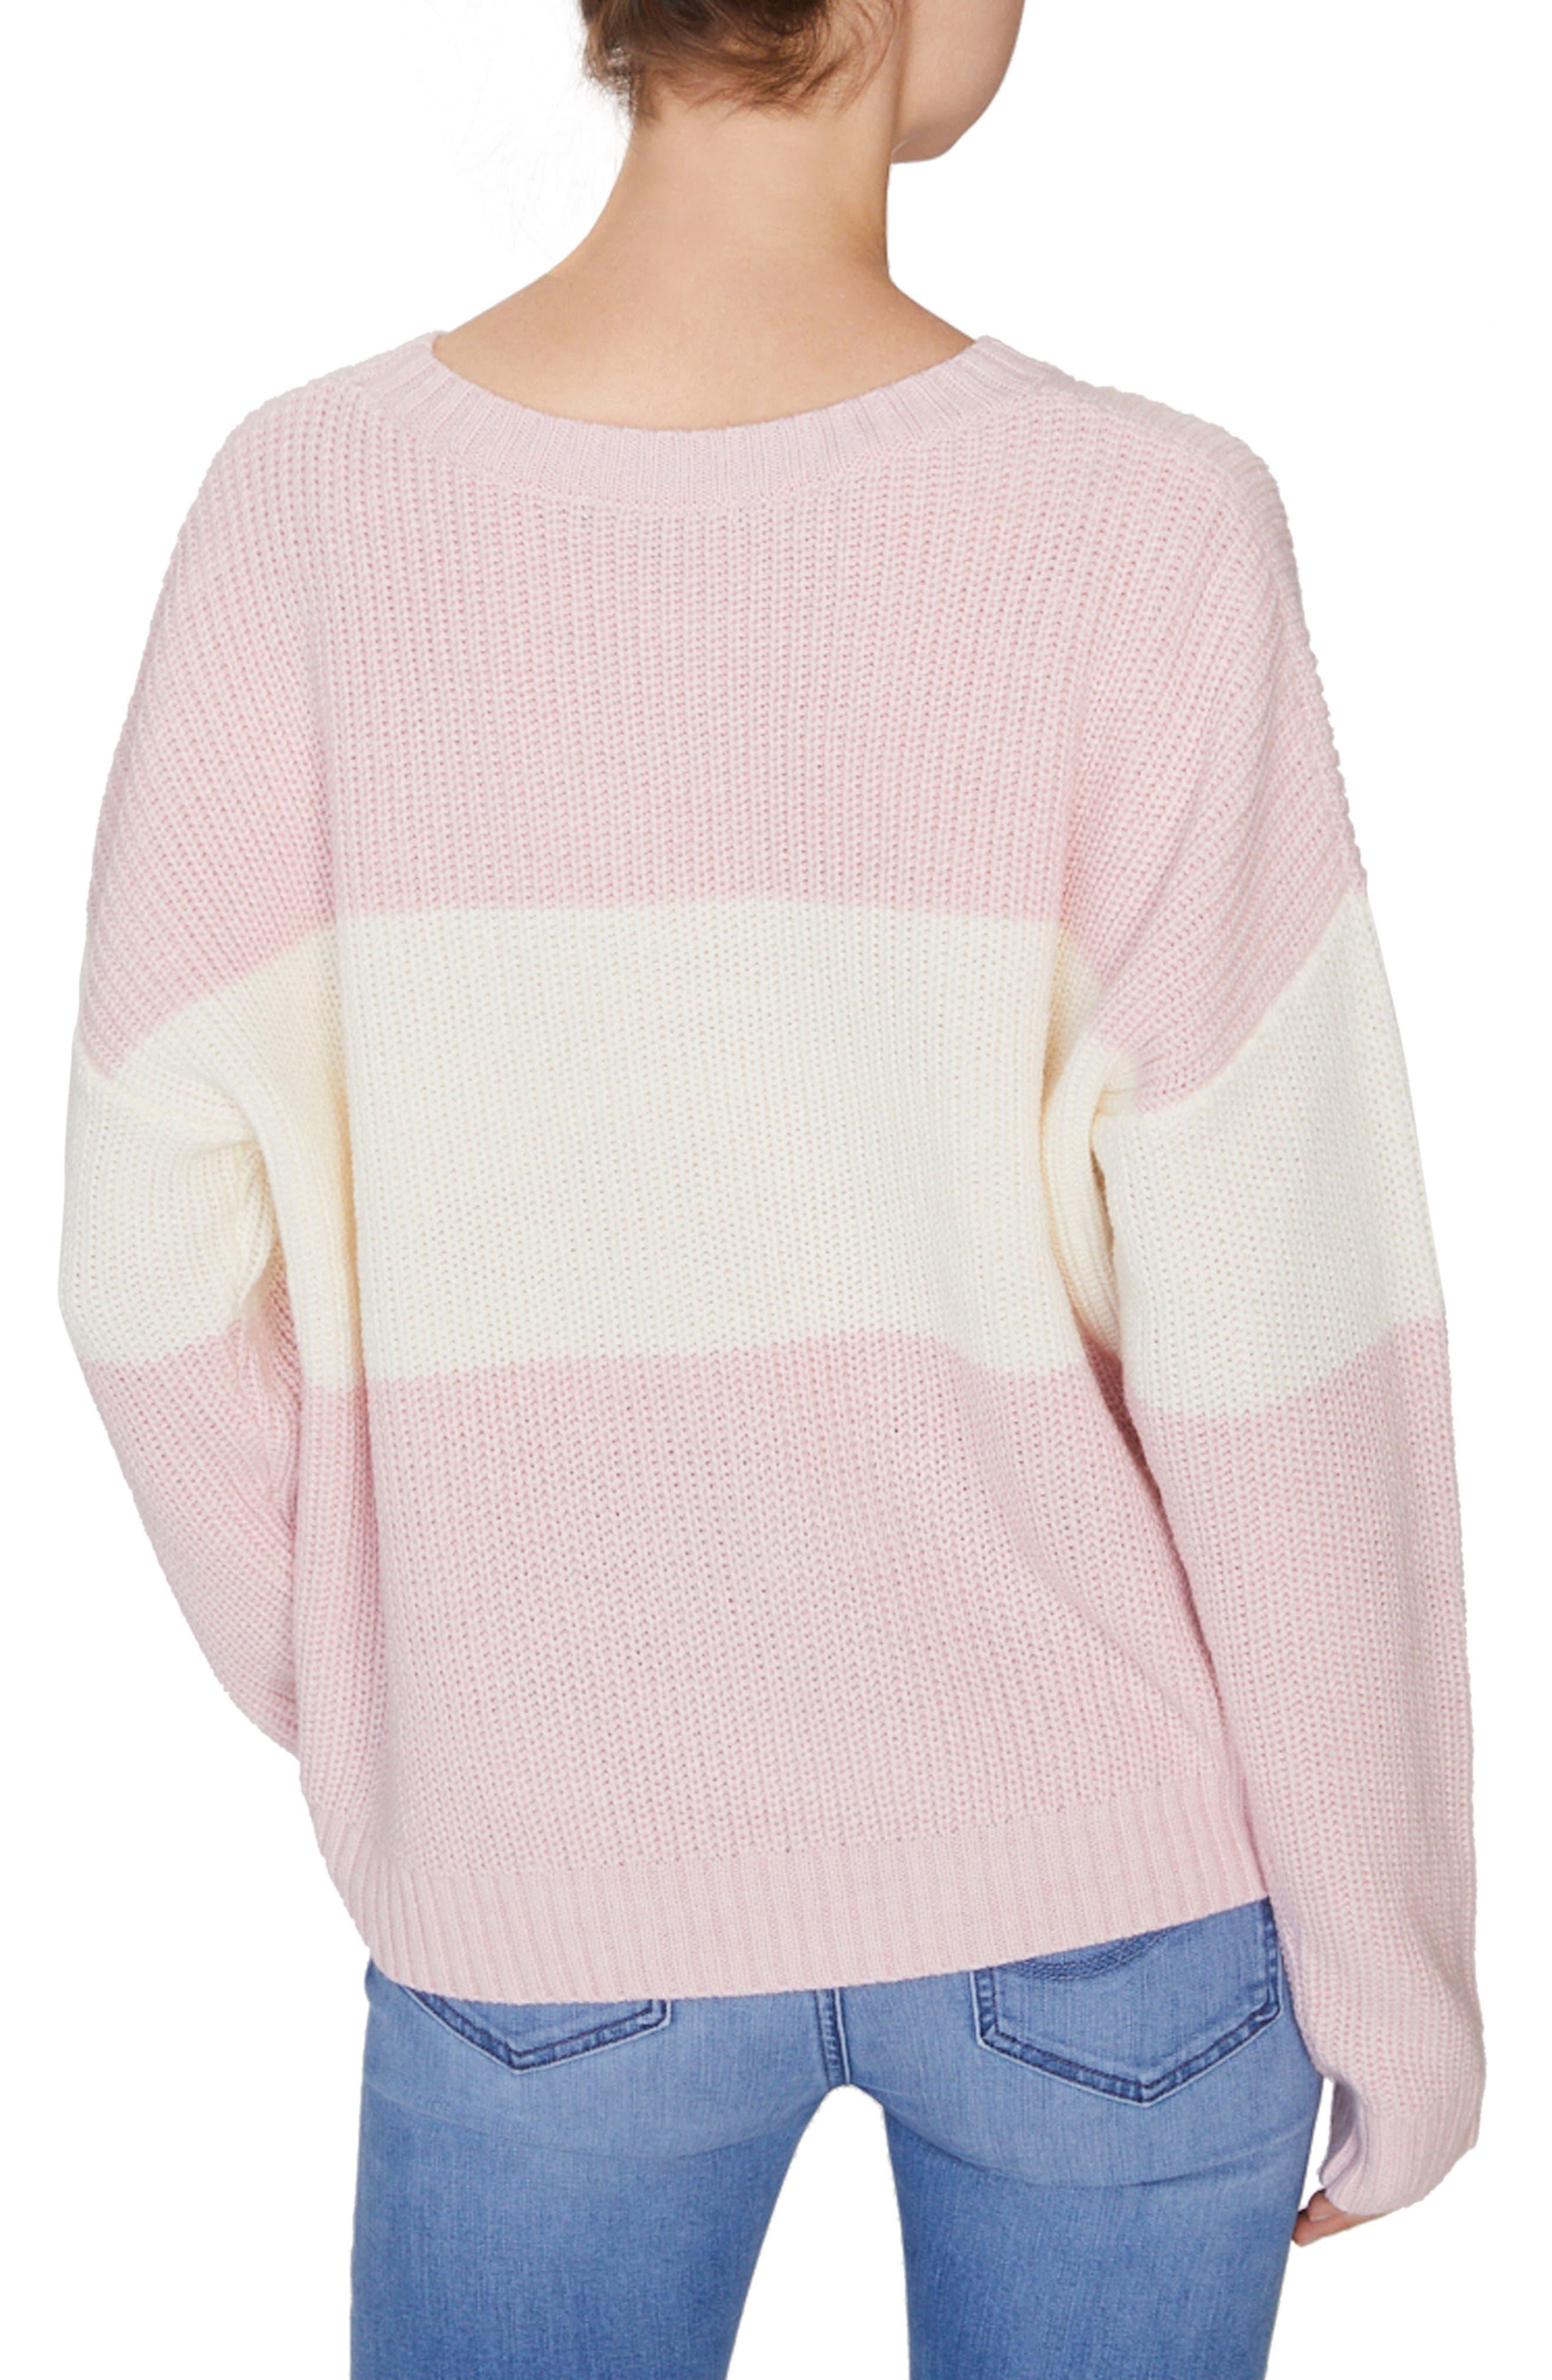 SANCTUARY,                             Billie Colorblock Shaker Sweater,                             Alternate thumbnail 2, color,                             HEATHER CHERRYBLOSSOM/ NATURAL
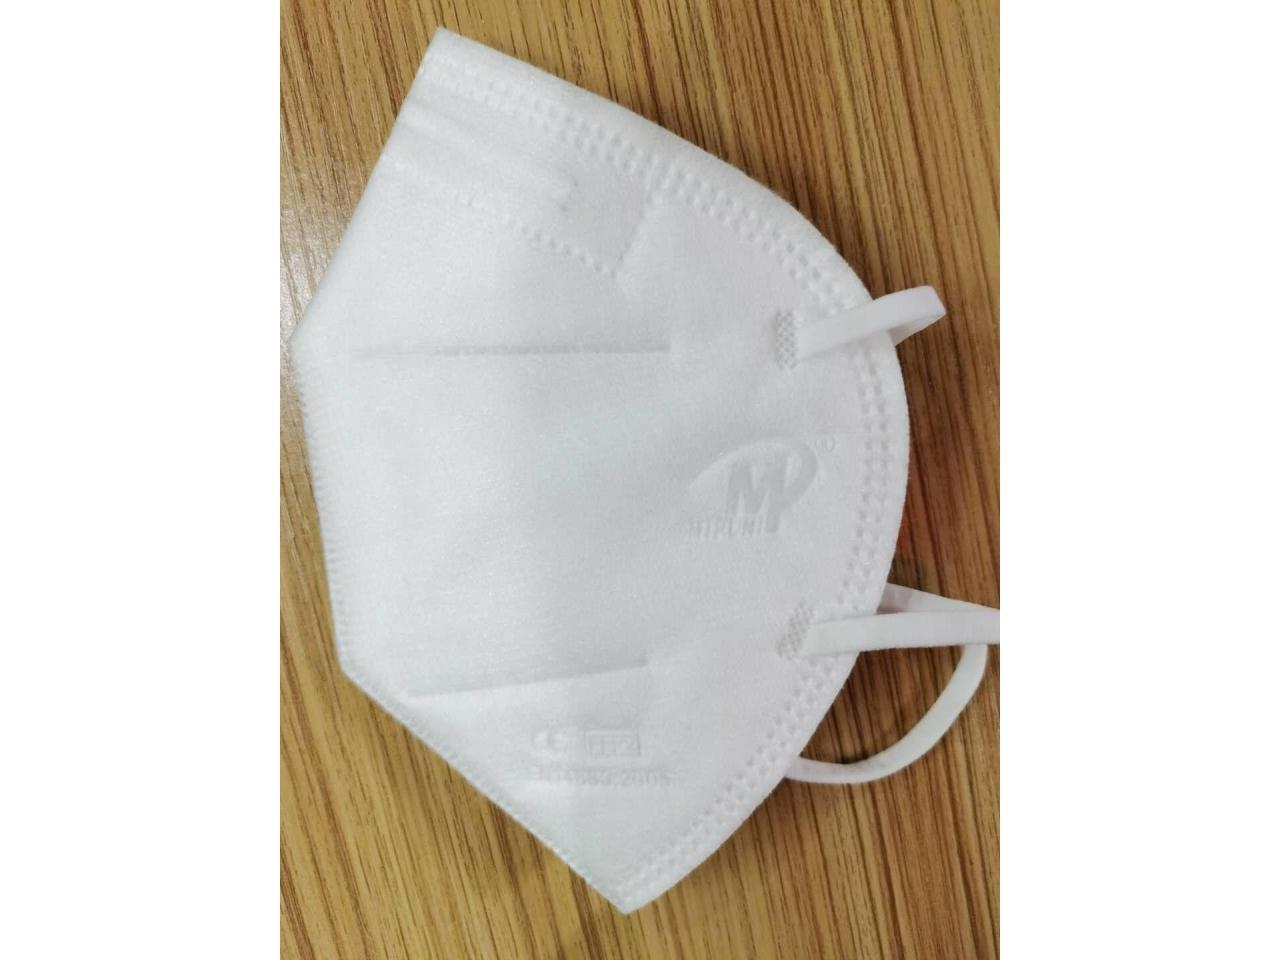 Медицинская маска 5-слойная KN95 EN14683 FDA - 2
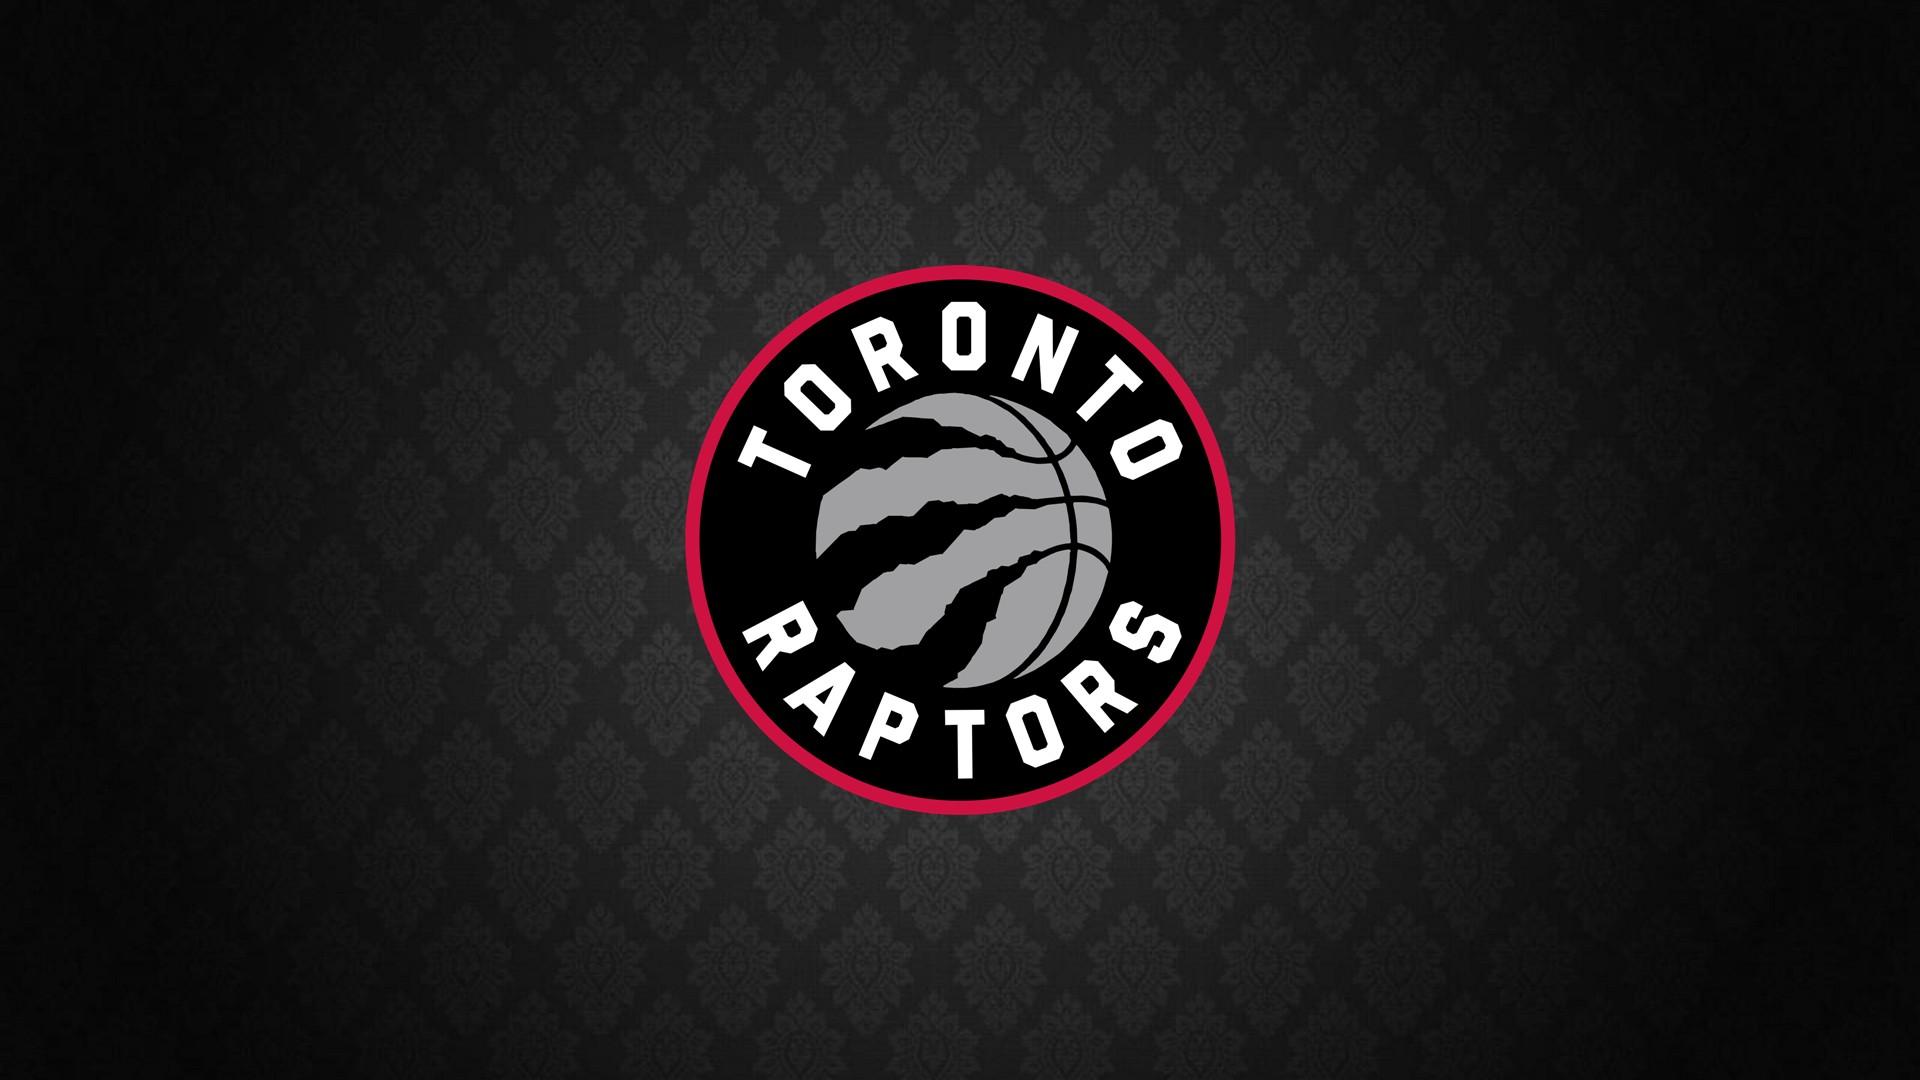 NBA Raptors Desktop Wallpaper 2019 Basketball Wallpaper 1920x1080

**What the task requires:**
Please transcribe the whole listing above exactly, with the images left out.

**Written answer:**
 SANCTUARY,                             Billie Colorblock Shaker Sweater,                             Alternate thumbnail 2, color,                             HEATHER CHERRYBLOSSOM/ NATURAL
 Медицинская маска 5-слойная KN95 EN14683 FDA - 2
 NBA Raptors Desktop Wallpaper 2019 Basketball Wallpaper 1920x1080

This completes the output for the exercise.